The sale is symbolic of the kingdom’s shifting fortunes. Just five years ago it was unthinkable that Saudi Arabia, with its vast oil riches, would need to borrow money from abroad.

But the crash in oil prices has turned the kingdom’s massive budget surplus into a gaping hole. It has already been forced to borrow from Saudi banks, and burn through a chunk of its foreign cash reserves.

“This is very positive step,” said John Sfakianakis, director of economic research at the Gulf Research Center in Riyadh. “It will alleviate the pressure on the local banks, provide alternative revenue options and reduce the rate of foreign asset depletion.”

Saudi Arabia, which relies on oil for three-quarters of its revenue, had a 2015 budget deficit of nearly $100 billion.
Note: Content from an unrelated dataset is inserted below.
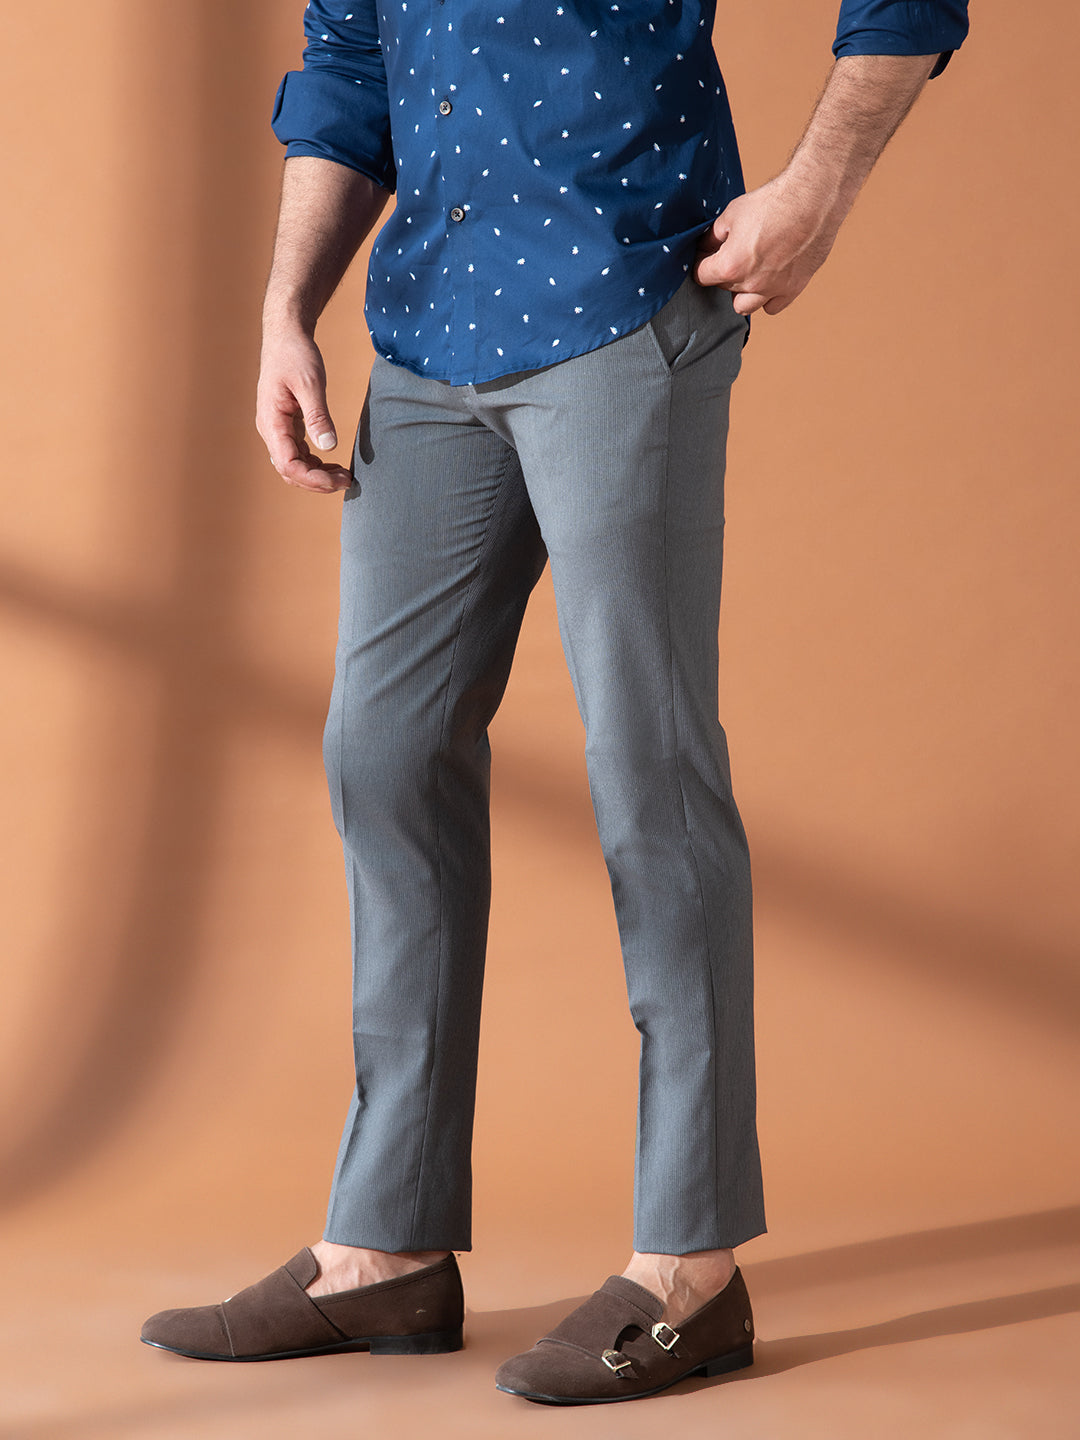 Trousers  Buy Trousers for Men Women  Kids Online in KSA  REDTAG

In addition to borrowing more, it has been forced to slash spending by cutting salaries and subsidies on gas.

It’s not just Saudi Arabia feeling the pinch. Other Gulf states are borrowing money too. Oil-rich Abu Dhabi issued a $5 billion bond in April, neighboring Qatar raised $9 billion a month later and Kuwait is planning to tap the international debt market for as much as $10 billion.

Very low interest rates in most developed economies are pushing investors to seek better returns elsewhere.

The Saudi 30-year bond pays 2.1% more than U.S. treasuries, according to a banker familiar with the deal, and experts say investors are looking beyond the immediate challenges posed by weak oil.

Related: Saudi Arabia: We’re on track for oil supply cut by November

“There is a demand out there which is based on the inherent potential and strength of these economies,” said Masood Ahmed, the Middle East and Central Asia Director for the International Monetary Fund. “Going forward, it will be important to accompany the attempt to get financing from the market with a credible coherent fiscal plan, a medium term plan to transform the economy because that will give … more comfort to the investors.”

Despite a recent increase in the oil price, the outlook for the region’s oil exporters remains weak in the coming years, the IMF said in a report published Wednesday.

It said countries should accelerate reforms to diversify their economies, boost the role of private companies and create jobs for their fast growing populations.

Related: Saudi Arabia backs new $100 billion tech fund

Earlier this year, Saudi Arabia unveiled an ambitious diversification plan. Under the plan, Saudi Arabia wants to boost non-oil revenues sixfold to $266 billion, sell part of national oil company Aramco on the stock market, and create a $1.9 trillion public fund to invest at home and abroad.

“I think it’s great that they have a vision. It’s important to tell the people the end point of where they want to go,” said Ahmed. “The challenge will be to implement, prioritize, sequence these programs so that in three years, people can begin to see the results.”